Abstract: TH-PO0414
Adult-Onset Classic Bartter Syndrome Type 3 with Polycythemia: Rare Presentation in Siblings with Eight-Year Follow-Up
Session Information
- Fluid, Electrolyte, and Acid-Base Disorders: Clinical - 1
November 06, 2025 | Location: Exhibit Hall, Convention Center
Abstract Time: 10:00 AM - 12:00 PM
Category: Fluid, Electrolytes, and Acid-Base Disorders
- 1102 Fluid, Electrolyte, and Acid-Base Disorders: Clinical
Authors
- Siddenthi, Sowmya Manjari, Shasta Regional Medical Center, Redding, California, United States
- Puttam, Harivarsha, Shasta Regional Medical Center, Redding, California, United States
- Suddapalli, Siva Keerthana, Shasta Regional Medical Center, Redding, California, United States
- Sambasivan, Sriram, Shasta Regional Medical Center, Redding, California, United States
Introduction
Bartter syndrome(BS) is a rare autosomal recessive renal tubular disorder characterized by hypokalemia, metabolic alkalosis, and hypercalciuria with low to normal blood pressure. Based on genetic mutations, BS is classified into five types. Types 1, 2, 4a, and 4b typically present in infancy. Type 3, or classical BS, presents often during adolescence, and tends to be milder.
We present a rare case of adult-onset Type 3 BS with two heterozygous CLCNKB variants requiring unusually high potassium supplementation and associated with polycythemia in both affected siblings.
Case Description
An 18-year-old Caucasian male presented with recurrent lower limb weakness after exertion, requiring multiple ED visits. He denied GI losses, diuretic, laxative, or licorice use, and had no relevant family history. Blood pressure was normal. Labs showed hypokalemia, metabolic alkalosis, and normal magnesium.
Further workup revealed hypercalciuria, hyperkaliuria, elevated renin, and normal aldosterone, ACTH, and cortisol. Imaging ruled out adrenal, pituitary, and renovascular pathology. Genetic testing identified a hemizygous CLCNKB pathogenic variant (c.1693del, p.Glu565Argfs*7) and a heterozygous whole-gene deletion, confirming Type 3 BS.

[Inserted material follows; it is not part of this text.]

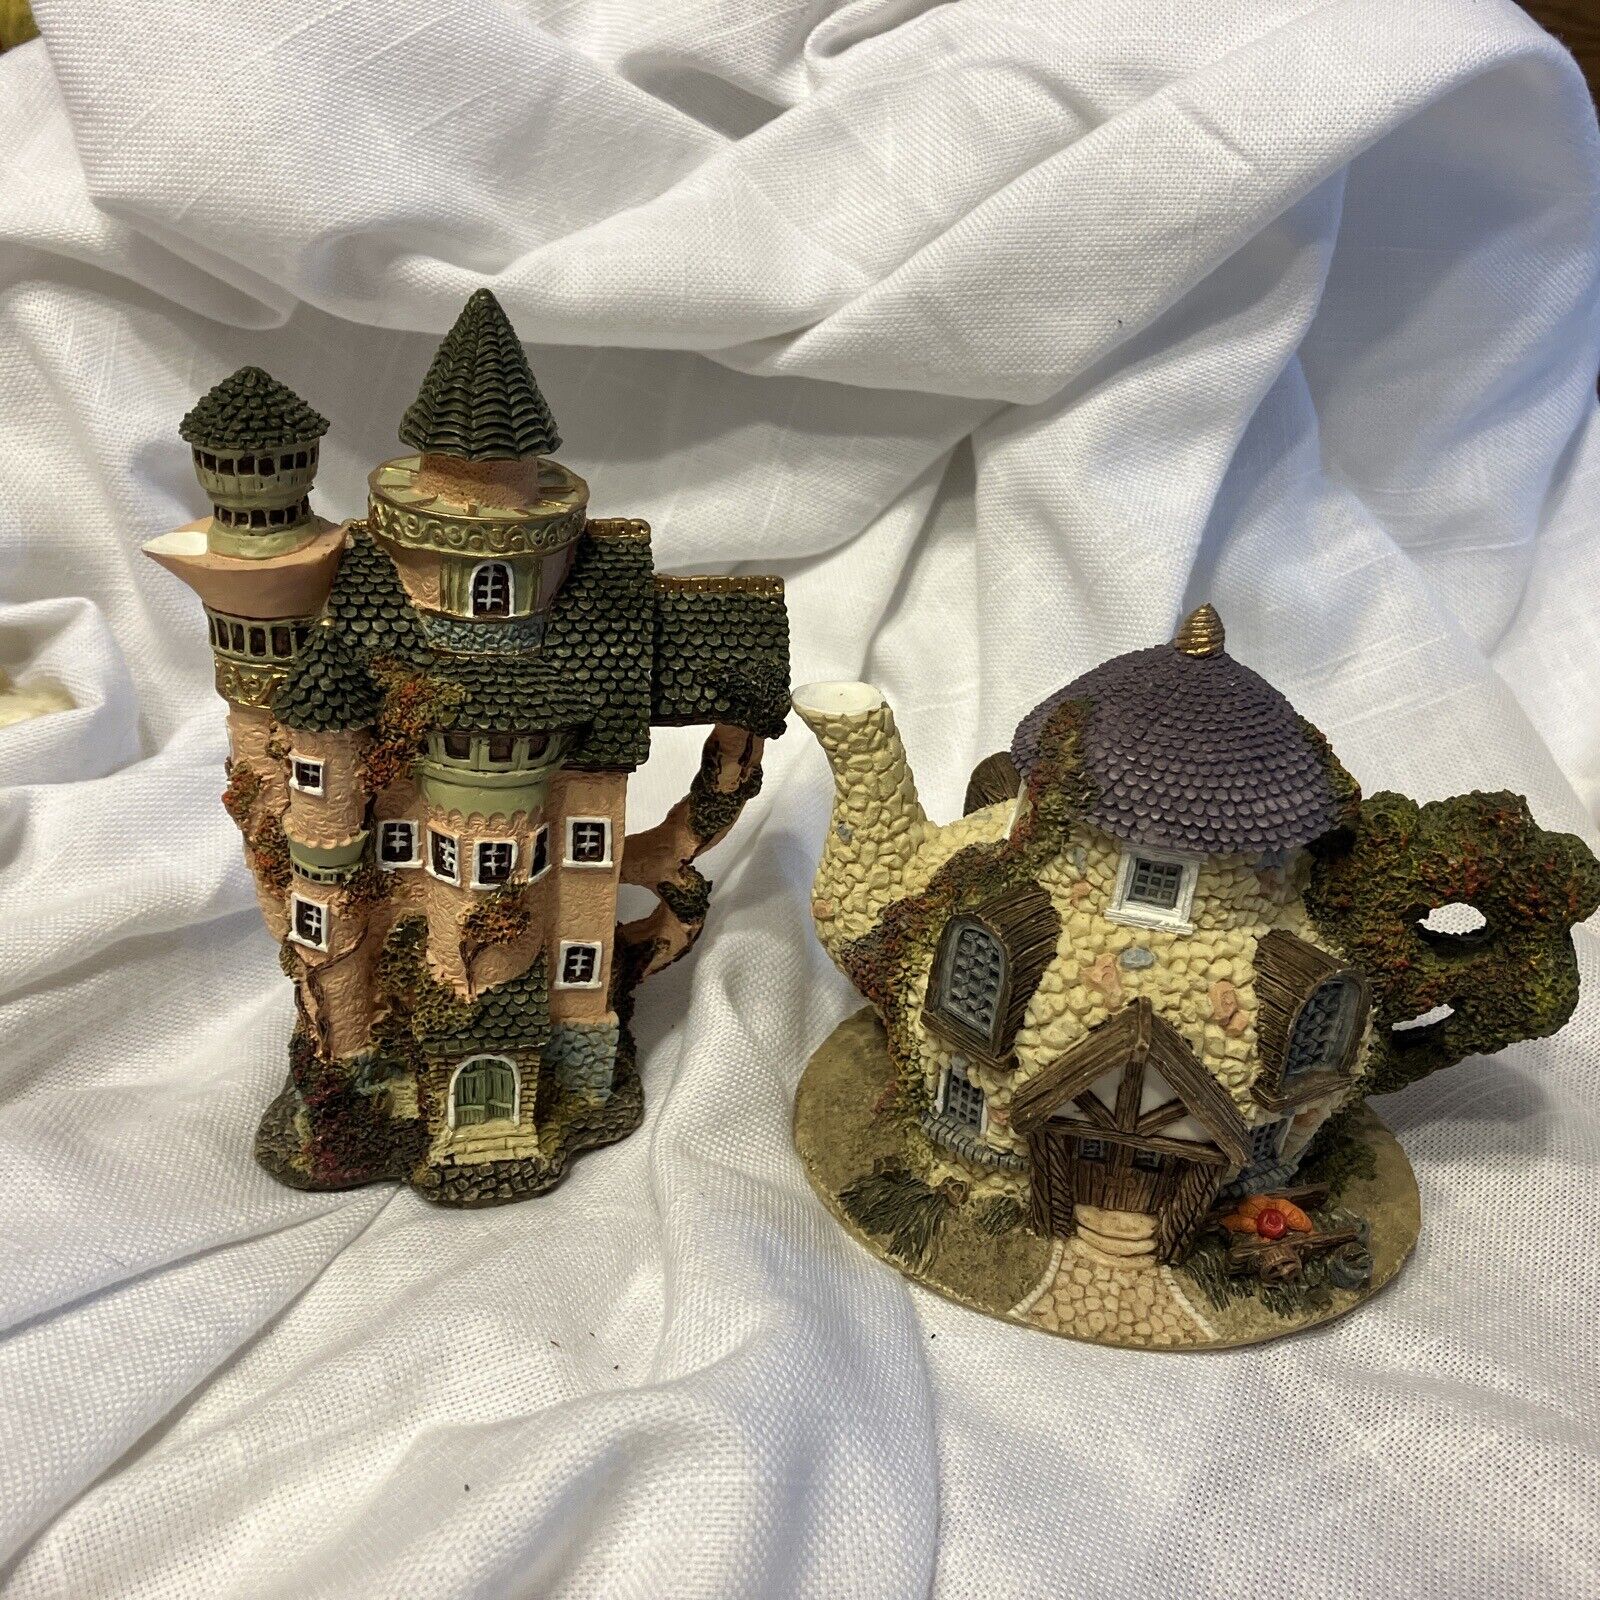 2-Cottage House Figure- Teapot Shaped Unique Shape 4” & 5 1/2”

He required 830–850 mEq/day of oral potassium in addition to eplerenone. He did not tolerate spironolactone, amiloride and indomethacin due to their side effects. His younger sister by 3 years presented with similar symptoms and shared the same genetic findings. Notably, both siblings had polycythemia with normal erythropoietin.
Discussion
Type 3 BS is caused by mutations in CLCNKB, leading to defective ClC-Kb channels and salt-wasting nephropathy. Differentiation from Gitelman syndrome is made by genetic testing and clinically, as the latter involves SLC12A3 mutations, and presents with hypocalciuria and hypomagnesemia. Despite heterozygosity, our patient had high potassium needs, which is typically seen in homozygous cases. Polycythemia is extremely rare in BS. The mechanism is unclear but may involve chronic RAAS stimulation or juxtaglomerular hyperplasia. This case highlights the importance of genetic testing, tailored treatment, and awareness of rare associations like polycythemia in BS. Lifelong follow-up is crucial due to the risks of CKD and nephrocalcinosis.